The first 3 attachments show the effect of the Discrete Cosine Transform (DCT) on 3 different samples of 8 x 8 pixel image data. Each attachment shows 3 tables. The upper table is the original 8 x 8 image data. The middle table shows the DCT terms after the transform. Note quantization has not been applied. The lower table show the results of the reverse DCT which is used to restore the image data. For the purposes of producing a compact table I have only displayed the results to one decimal place. Very small errors of 0.001 are seen when between original and restored if displayed to 3 decimal places. Which goes to show that Forward and Reverse DCT does produce faithful results if quantization is not applied. The positive terms in the DCT table are the addition of a frequency component and the negative terms are the subtraction of a frequency component. The first term is the DC component.

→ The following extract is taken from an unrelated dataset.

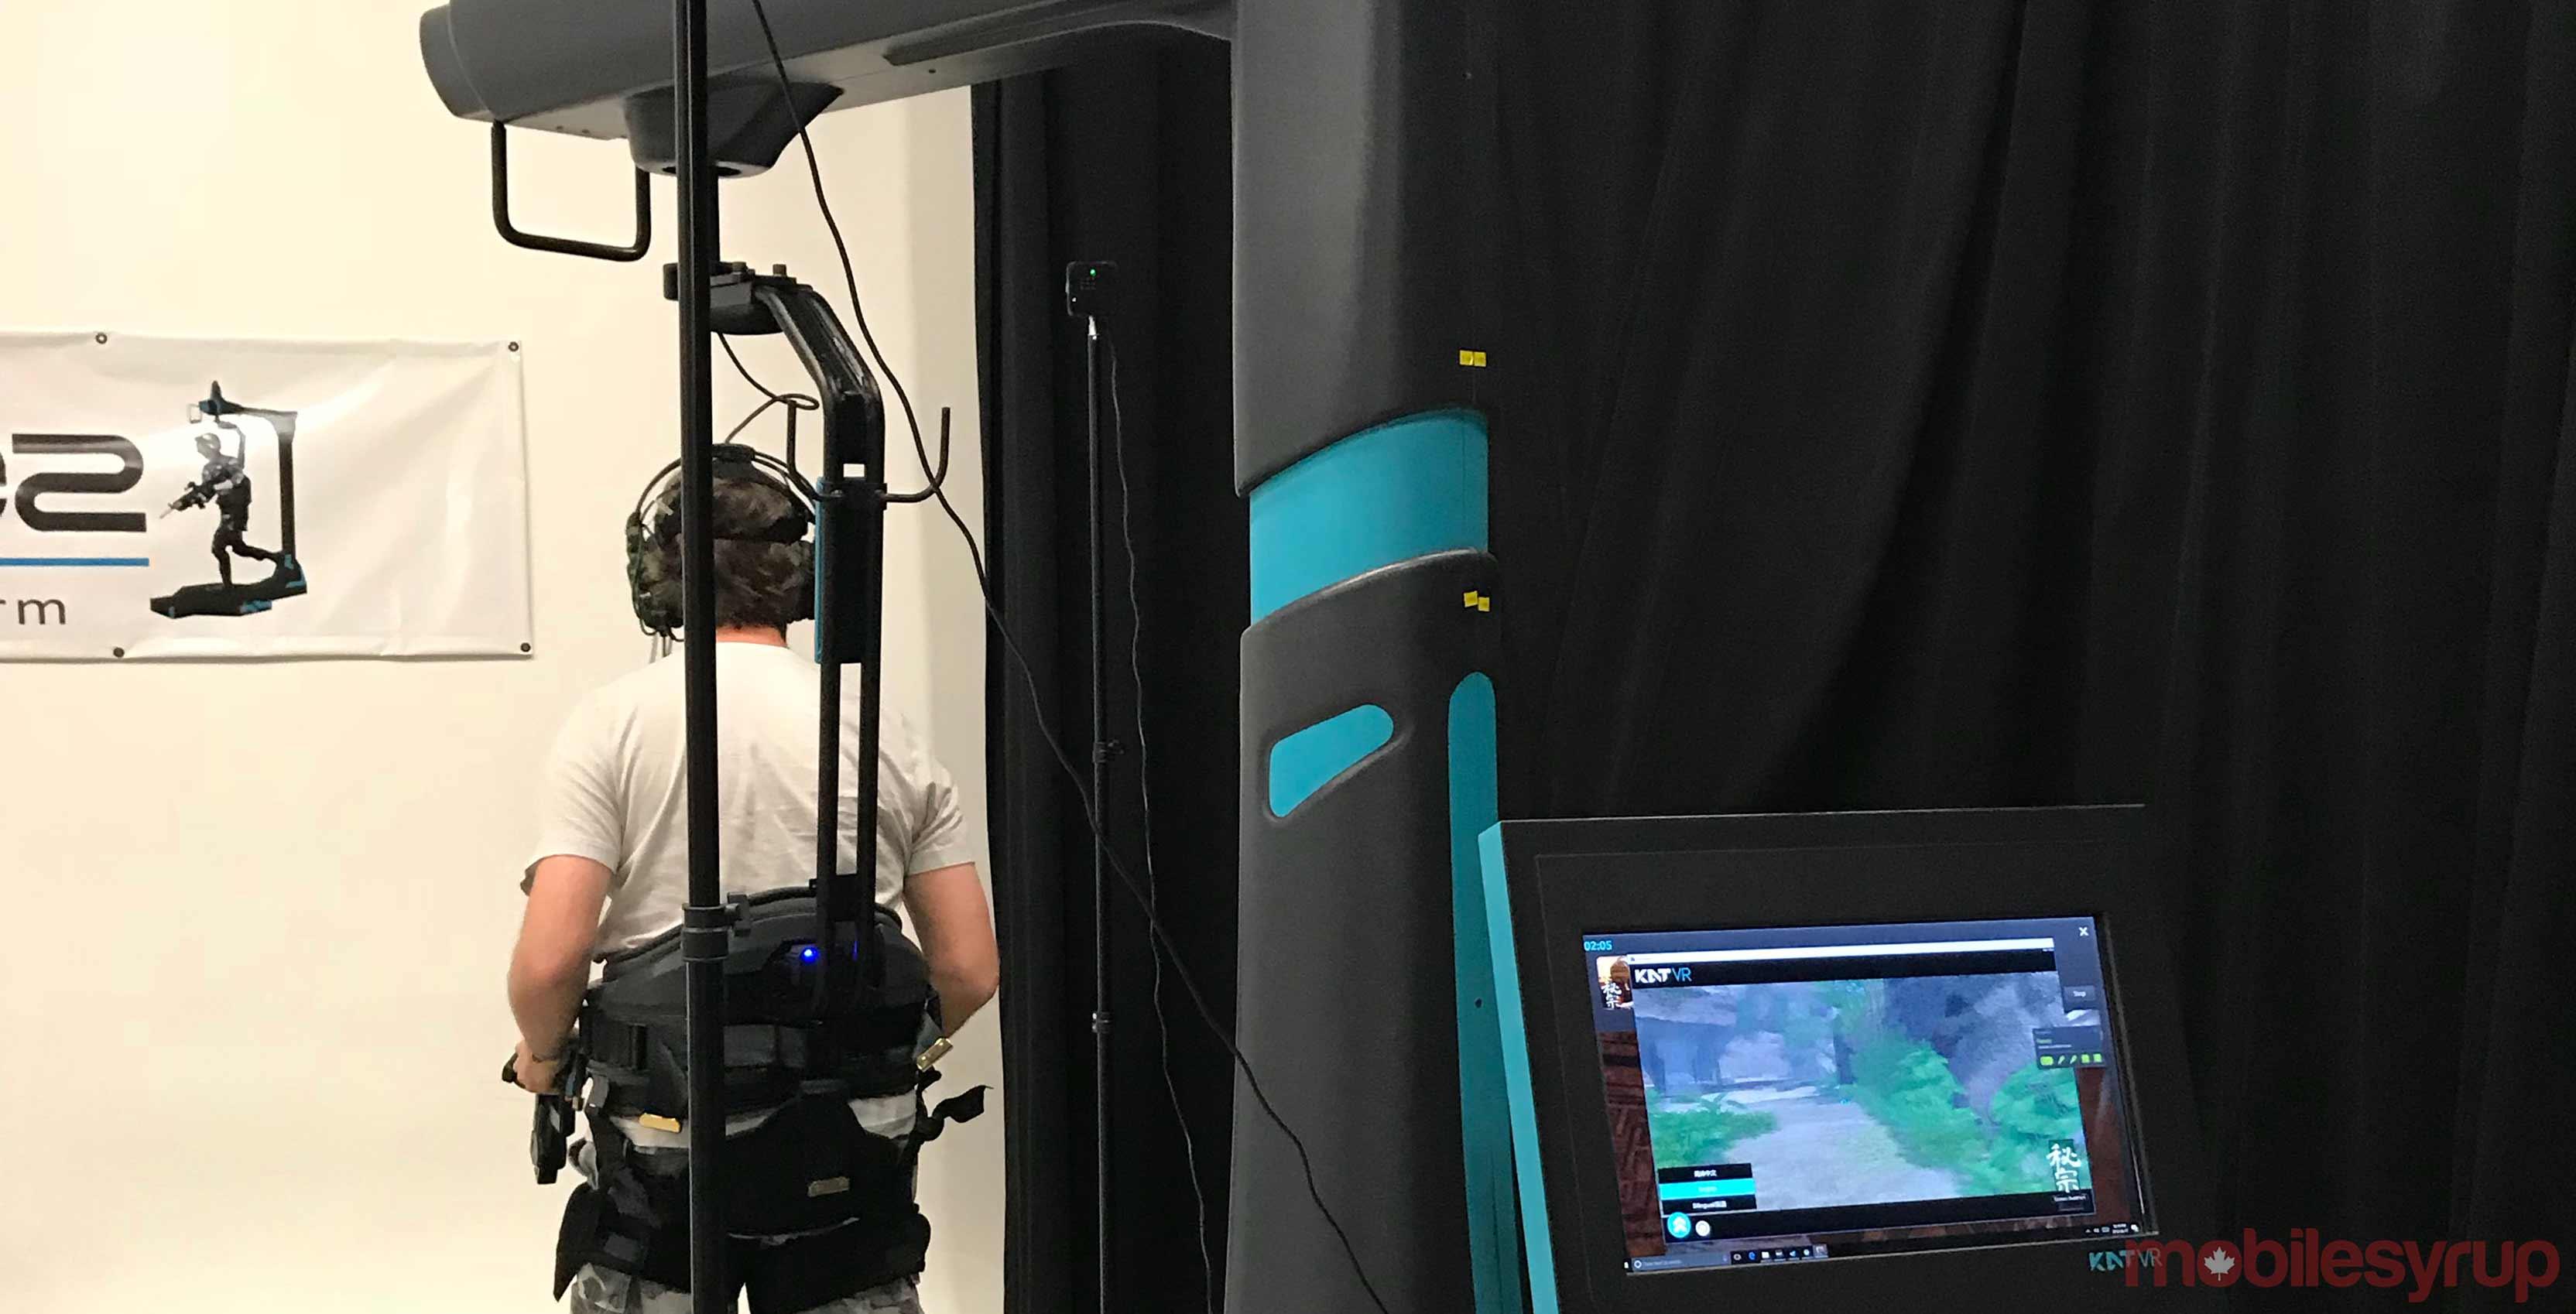 KAT Walk VR rig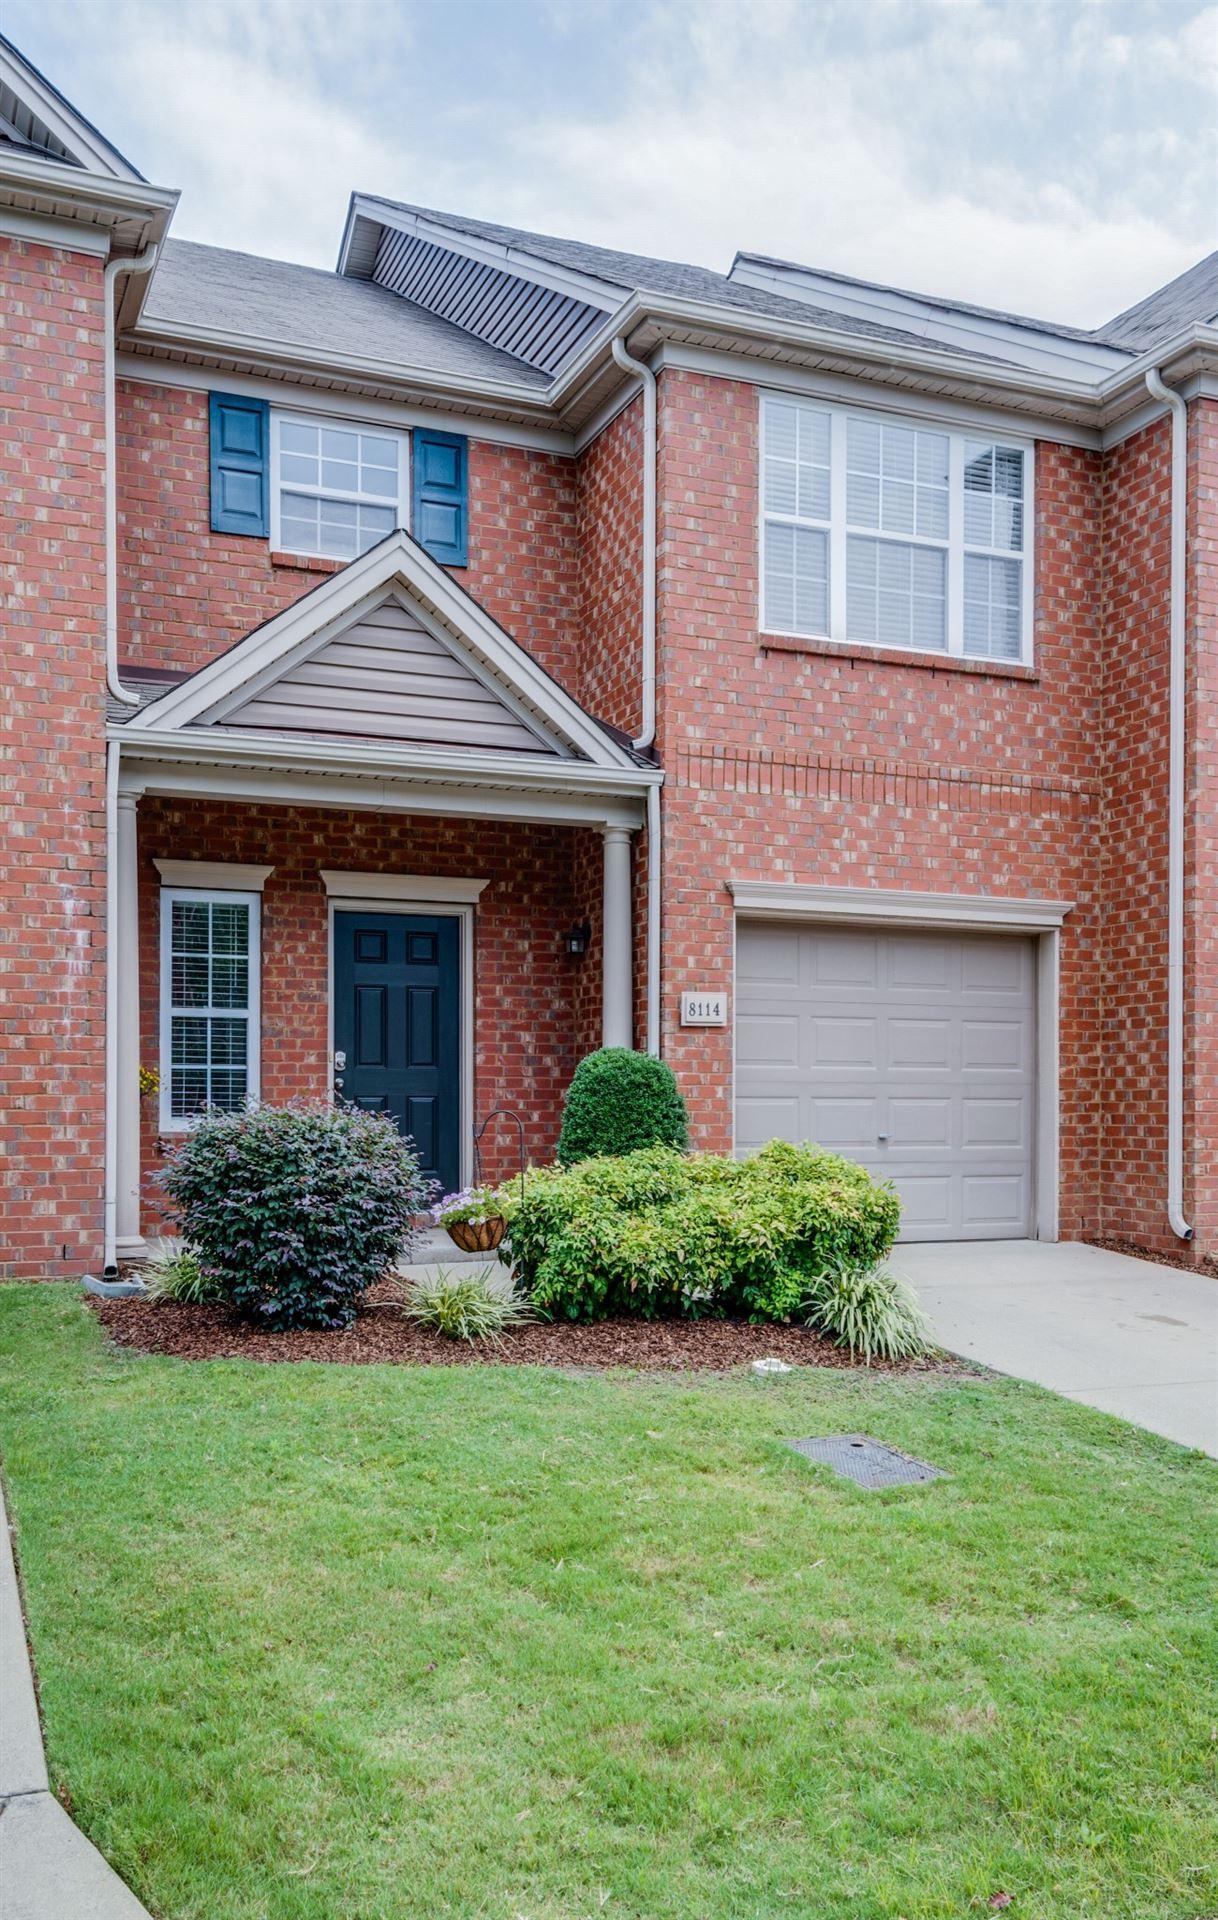 8114 Valley Oak Dr, Brentwood, TN 37027 - MLS#: 2179542

The fourth attachment shows the zig-zag collection of the AC terms after quantization. With small magnitudes at higher frequencies the greater chance of getting longer runs of zeros with zig-zag scanning for the run length compression.
The first attachment uses an image with a vertical grey bar. Looking at the DCT terms we can see that only horizontal frequency terms (components) are produced. No terms are seen down the table. Which follows as the vertical brightness levels in the image are constant.
The second attachment uses an image with a horizontal grey bar. Looking at the DCT terms we can see that only vertical frequency terms (components) are produced. No terms across the table. Which follows as the horizontal brightness levels in the image are constant.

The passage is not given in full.